PAH diagnosis and referral: What’s new in 2022 ESC/ERS guidelines?

Pulmonary arterial hypertension (PAH) (WHO Group 1 pulmonary hypertension [PH]) is a rare, progressive and life-limiting disorder. Due to its nonspecific symptoms, early diagnosis of PAH is challenging, with 44 percent of patients being seen by ≥4 doctors before receiving a correct diagnosis. Aiming at earlier detection in the community, the European Society of Cardiology and the European Respiratory Society (ESC/ERS) 2022 guidelines provide a new diagnostic algorithm for PH and recommend fast-track referral at any time for patients with suspected PAH.

“The cardinal symptom of PH is dyspnoea on progressively minor exertion,” noted the authors of the ESC/ERS 2022 PH guidelines. Other common symptoms are related to the stages and severity of PH, including fatigue and rapid exhaustion, dyspnoea when bending forward, palpitations, haemoptysis, exercise-induced abdominal distension and nausea, weight gain due to fluid retention, and syncope during or shortly after physical exertion. [Eur Heart J 2022;43:3618-3731]

For patients with unexplained dyspnoea or symptoms/signs raising a suspicion of PH, the diagnostic algorithm has been simplified based on a three-step approach, including suspicion, detection and confirmation.

Patients with PH, including those with PAH, are likely seen by general practitioners for nonspecific symptoms. Initial evaluation should include a comprehensive medical (including familial) history, physical examination (including measurement of blood pressure, pulse oximetry and heart rate), oxygen saturation, natriuretic peptide test, and resting electrocardiogram (ECG). (Figure) “This first step may raise a suspicion of a cardiac or respiratory disorder causing the symptoms,” noted the authors.

“The second step of detection includes classical, noninvasive lung and cardiac testing. Among those tests, echocardiography is an important step in the diagnostic algorithm,” mentioned the authors. (Figure) Signs of PH include increased systolic pulmonary arterial pressure (sPAP) and enlarged right atrium/right ventricle (RA/RV).

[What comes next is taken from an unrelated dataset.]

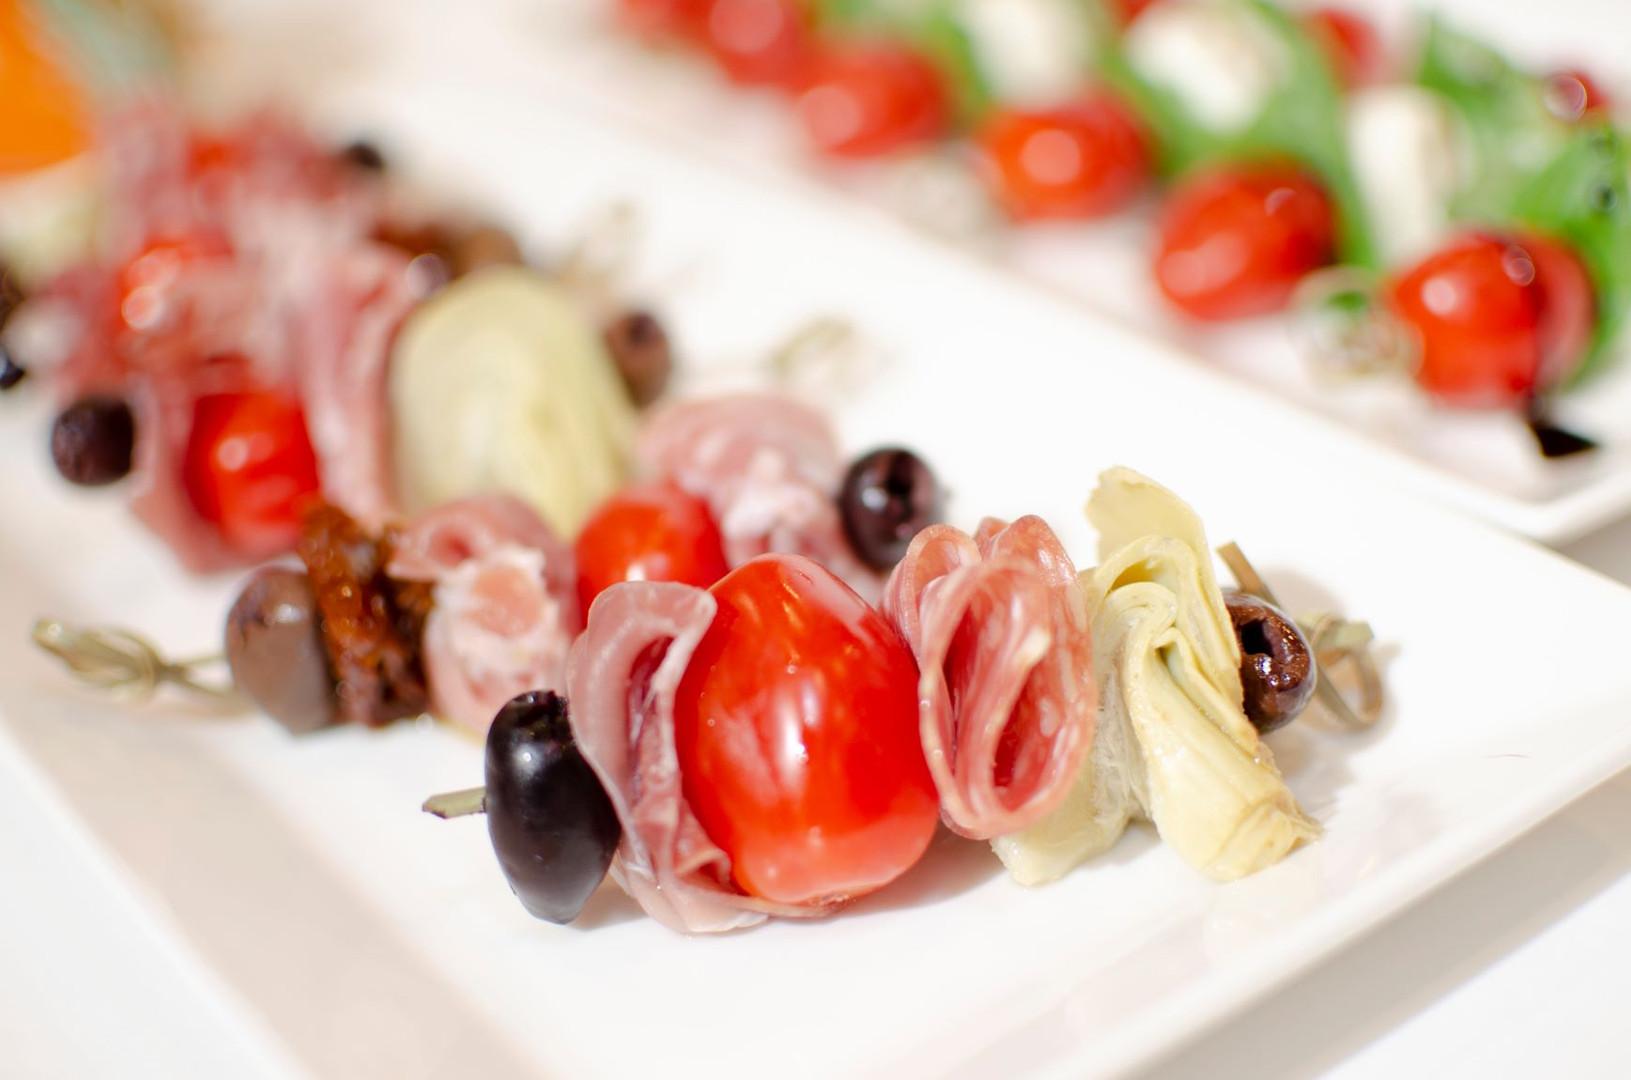 MJC MKTG Food Photography, Caprese and Antipasto Skewers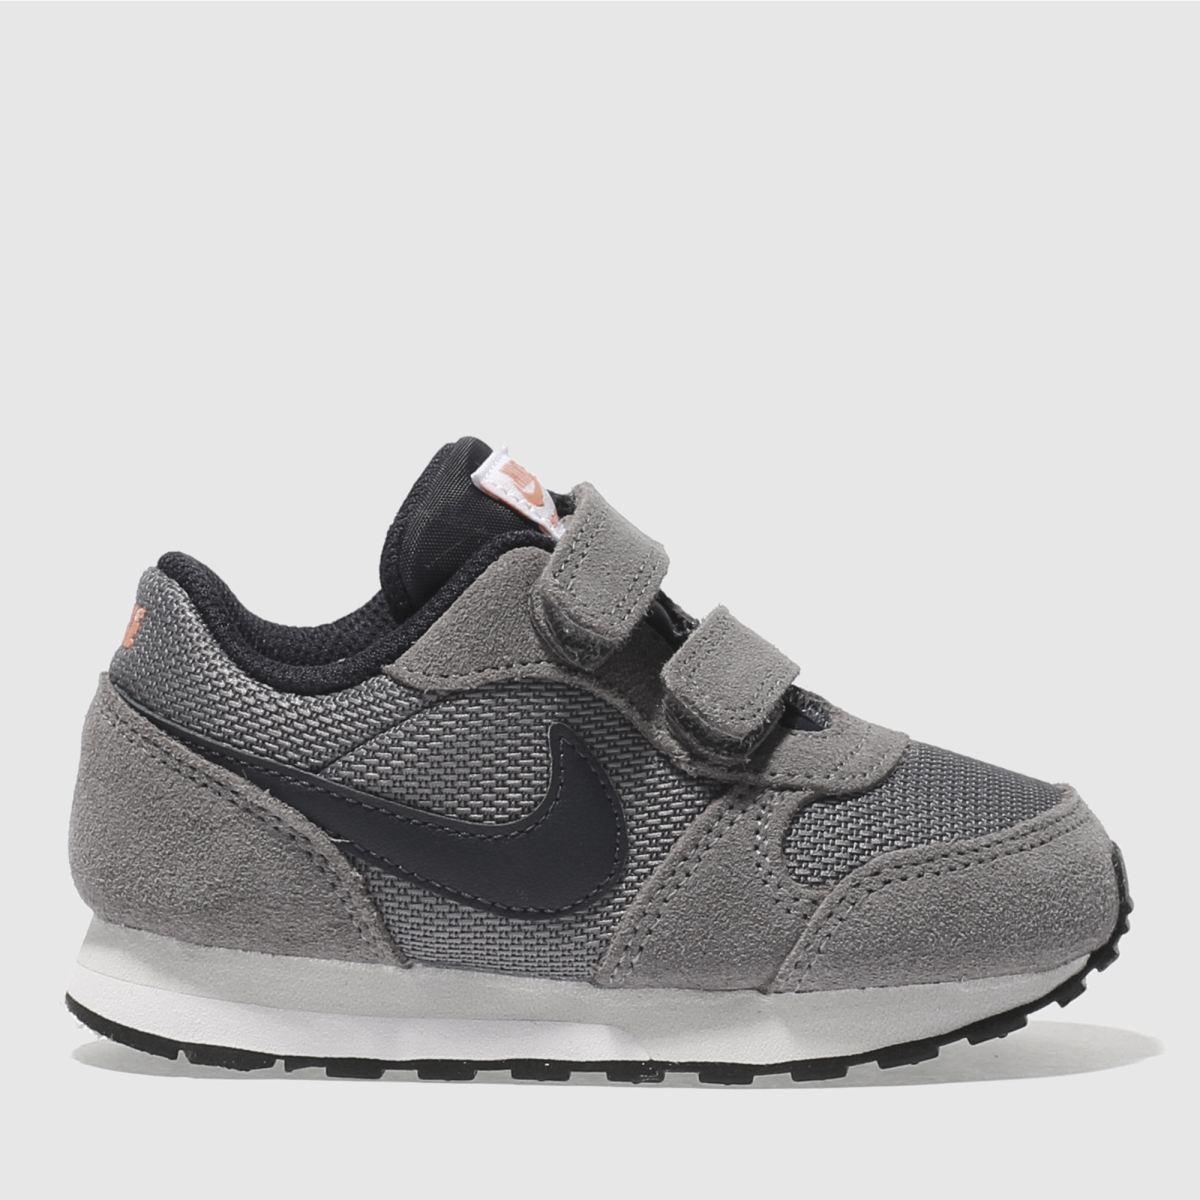 Nike Grey & Black Md Runner Boys Toddler Trainers

Patients should be referred to a PH centre for further evaluation in two situations: 1) when an intermediate/high probability of PH is established; 2) when risk factors for PAH (ie, connective tissue disease, portal hypertension, HIV infection, and family history of PAH) or chronic thromboembolic pulmonary hypertension (CTEPH) is/are present. (Figure)

“Fast-track referral to a PH centre should be made when PAH or CTEPH is suspected,” highlighted the authors. “At any time, warning signs [ie, rapidly evolving or severe symptoms (WHO functional class III/IV), severely reduced exercise capacity, pre-syncope or syncope on mild exertion, clinical signs of RV failure] must be recognized as they are associated with worse outcomes and warrant immediate referral and management in PH centres.” (Figure)

The final step is confirmation. Right heart catheterization is the gold standard for diagnosing and classifying PH, and should be performed in a PH centre. Based on the revised haemodynamic definition, PAH may be diagnosed in patients with mean PAP >20 mm Hg and pulmonary vascular resistance >2 WU.

“This diagnostic process emphasizes the importance of sufficient awareness and collaboration between first-line, specialized medical and PH centres. Effective and rapid collaboration between each partner permits earlier diagnosis and management, and improves outcomes,” noted the authors.